Thread 6 "icinga2" received signal ?, Unknown signal.
[Switching to LWP 680]
0x00007fbd520baf33 in __clone () from /lib/ld-musl-x86_64.so.1
(gdb)

thats it.
no open port, but running gdb process

/etc/icinga2 # ps ax
PID   USER     TIME   COMMAND
    1 root       0:00 {run.sh} /bin/bash /init/run.sh
  541 root       0:00 tail -f /dev/null
  595 root       0:00 sh
  670 root       0:00 gdb --args /usr/lib/icinga2/sbin/icinga2 daemon -x debug --no-stack-rlimit
  672 root       0:00 /usr/lib/icinga2/sbin/icinga2 daemon -x debug --no-stack-rlimit
  736 root       0:00 sh
  889 root       0:00 ps ax

/etc/icinga2 # netstat -tulnp
Active Internet connections (only servers)
Proto Recv-Q Send-Q Local Address           Foreign Address         State       PID/Program name    
tcp        0      0 127.0.0.11:43163        0.0.0.0:*               LISTEN      -
udp        0      0 127.0.0.11:47431        0.0.0.0:*                           -
/etc/icinga2 #

With your enhancements (e.g. Boost Pretty Printers) are the same.
(And i have here no access to an svn service … firewall rules)

and here I fail grandiosely. :frowning:

I suspect that there is a problem with the musl library, but that’s not really tangible right now.
I’ll check with the Alpine package manager.


(Michael Friedrich) #4

That’s the nature of a debugger - it stops on a specific signal or breakpoint. At this point, you need to analyse the scope and generate a backtrace.

https://www.icinga.com/docs/icinga2/latest/doc/21-development/#gdb-backtrace


(Bodo Schulz) #5

thank you michael!

i have the complete output pasted in this gist: https://gist.github.com/bodsch/16d6c96b8dfa6aa48c59eb9599edacef

and i don’t understand the output :frowning:
I suspect, the musl lib has no debugging informations.


(Michael Friedrich) #6

No idea either. ld-musl seems to be the Alpine version of (g)libc, http://www.musl-libc.org/faq.html

Retry with installing the debug package for musl, might provide more insights.

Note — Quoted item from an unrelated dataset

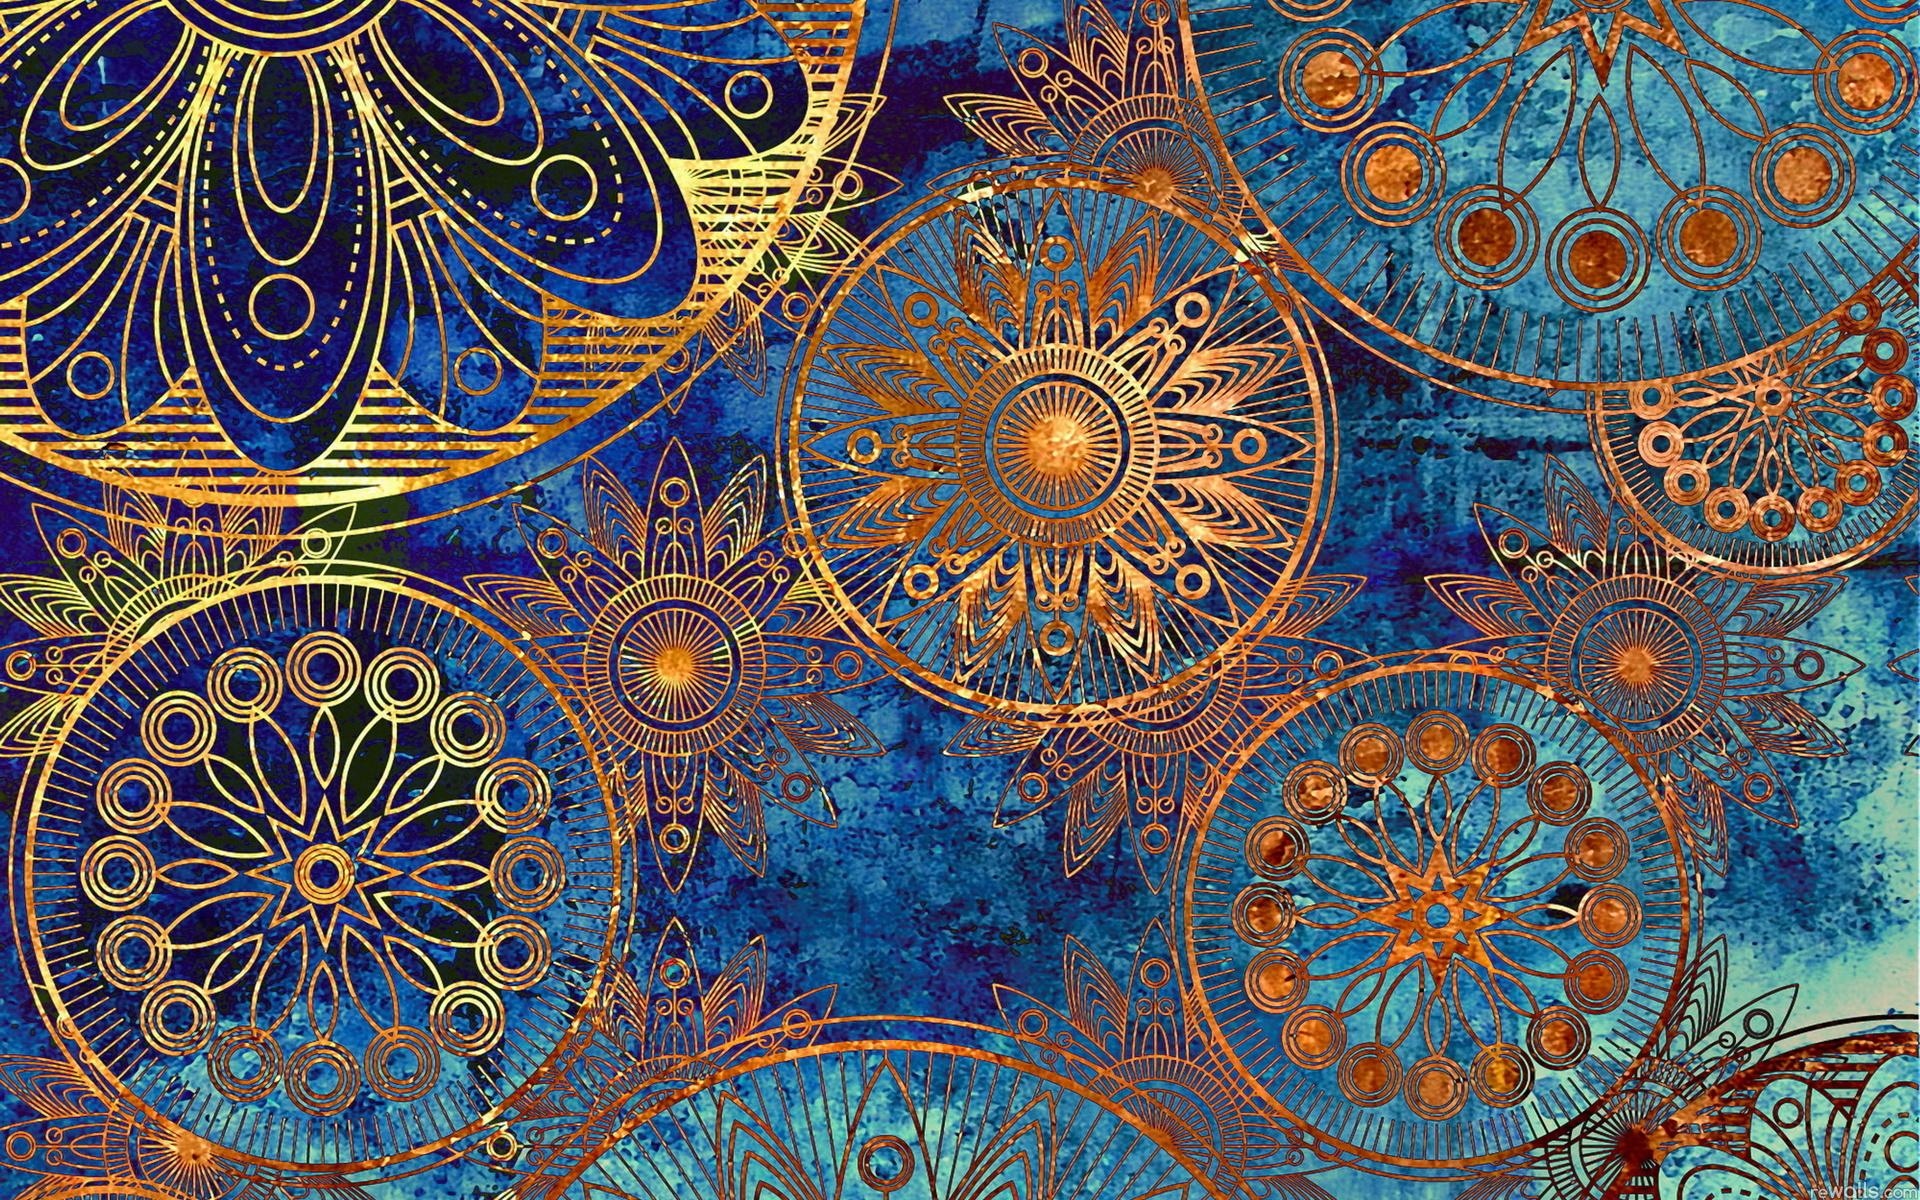 Wallpapers for Desktop wallpaper Vintage Wallpapers for Desktop 1920x1200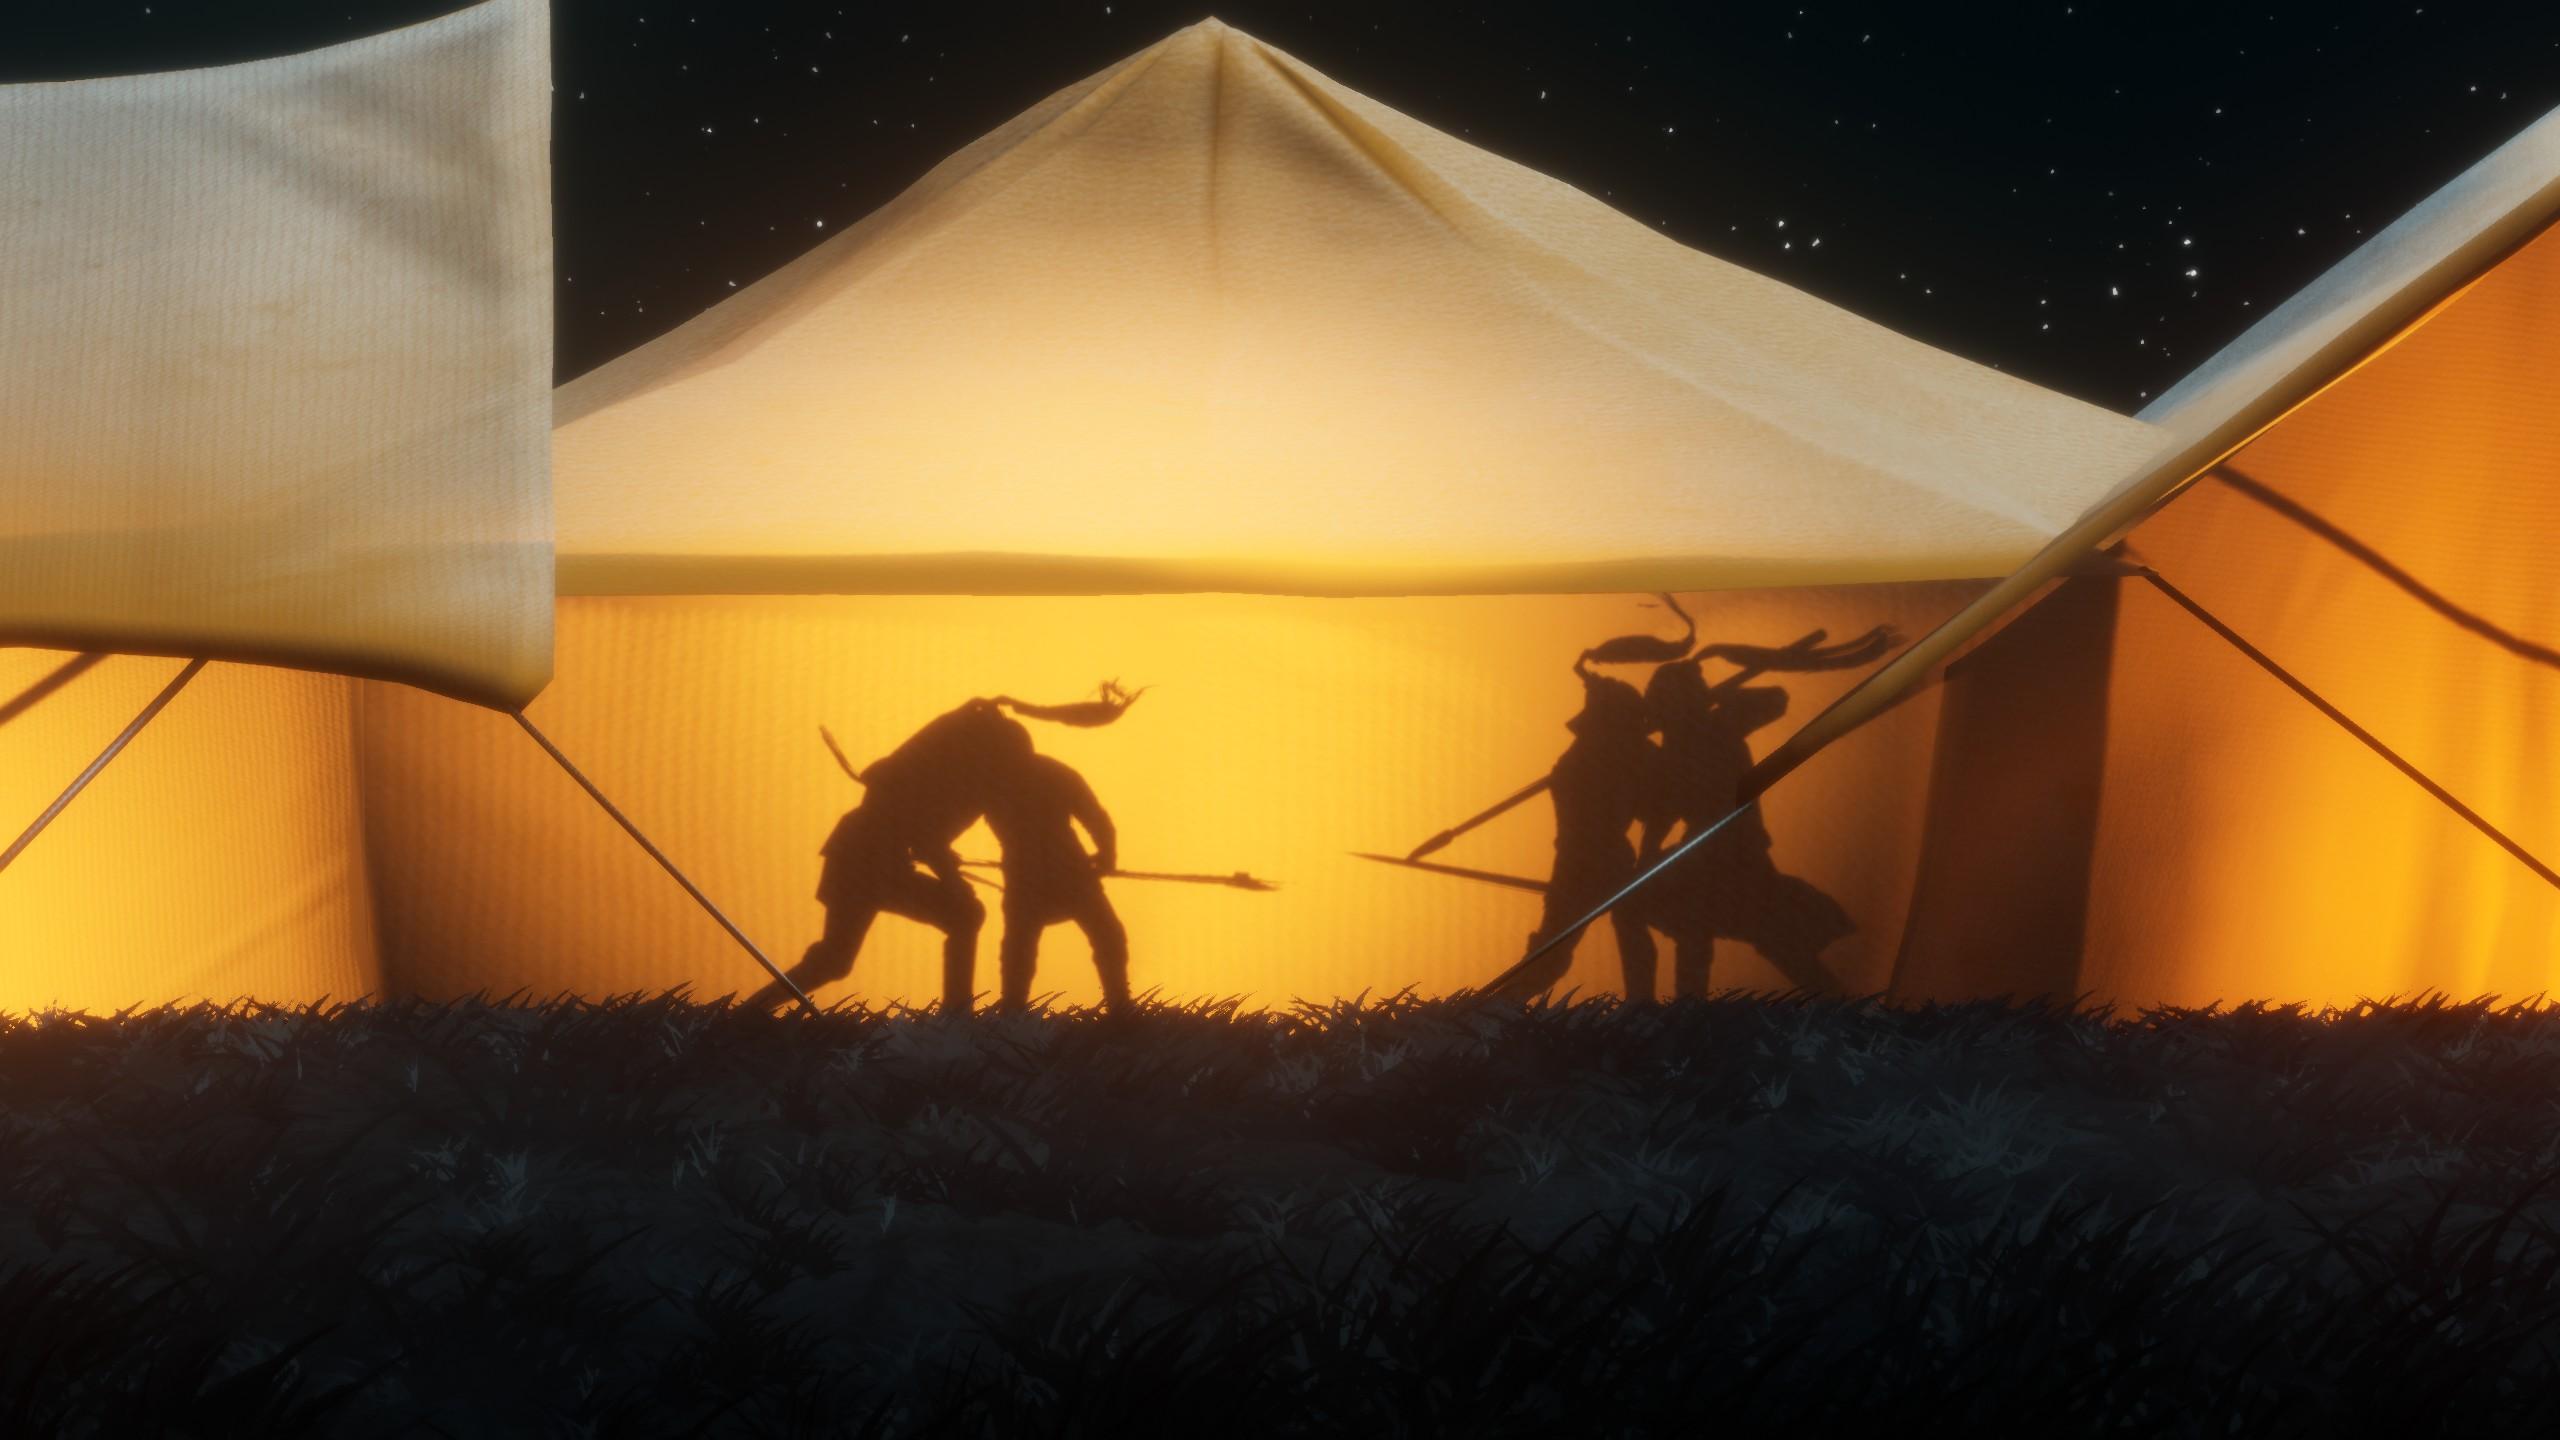 griefhelm campsite

https://pkgs.alpinelinux.org/package/edge/main/x86/musl-dbg


(Bodo Schulz) #7

I think, i have update.
Alpine Linux has currently version 2.8.4 in there repository.
When i use this Version and the director module, the icinga process crash.

I use the automation task to configure the director:

icingacli director migration run
icingacli director kickstart run

The migration run works properly, but the kickstart run crash:

icingacli director kickstart run --verbose --debug
ERROR: Exception in /usr/share/webapps/icingaweb2-2.5.3/modules/director/library/Director/Core/RestApiClient.php:177 with message: CURL ERROR: Failed to connect to icinga2-master.matrix.lan port 5665: Connection refused

But I have only one guess, because I haven’t fully understood the internas yet.
Probably this is a network / packet problem.
I want to test a little more with the Alpine configuration.


(Michael Friedrich) #8

Hm, the Director is not able to connect to the API, what’s the real error on the Icinga 2 side (log)?


(Bodo Schulz) #9

The icinga logfile is clean (as far as I can see)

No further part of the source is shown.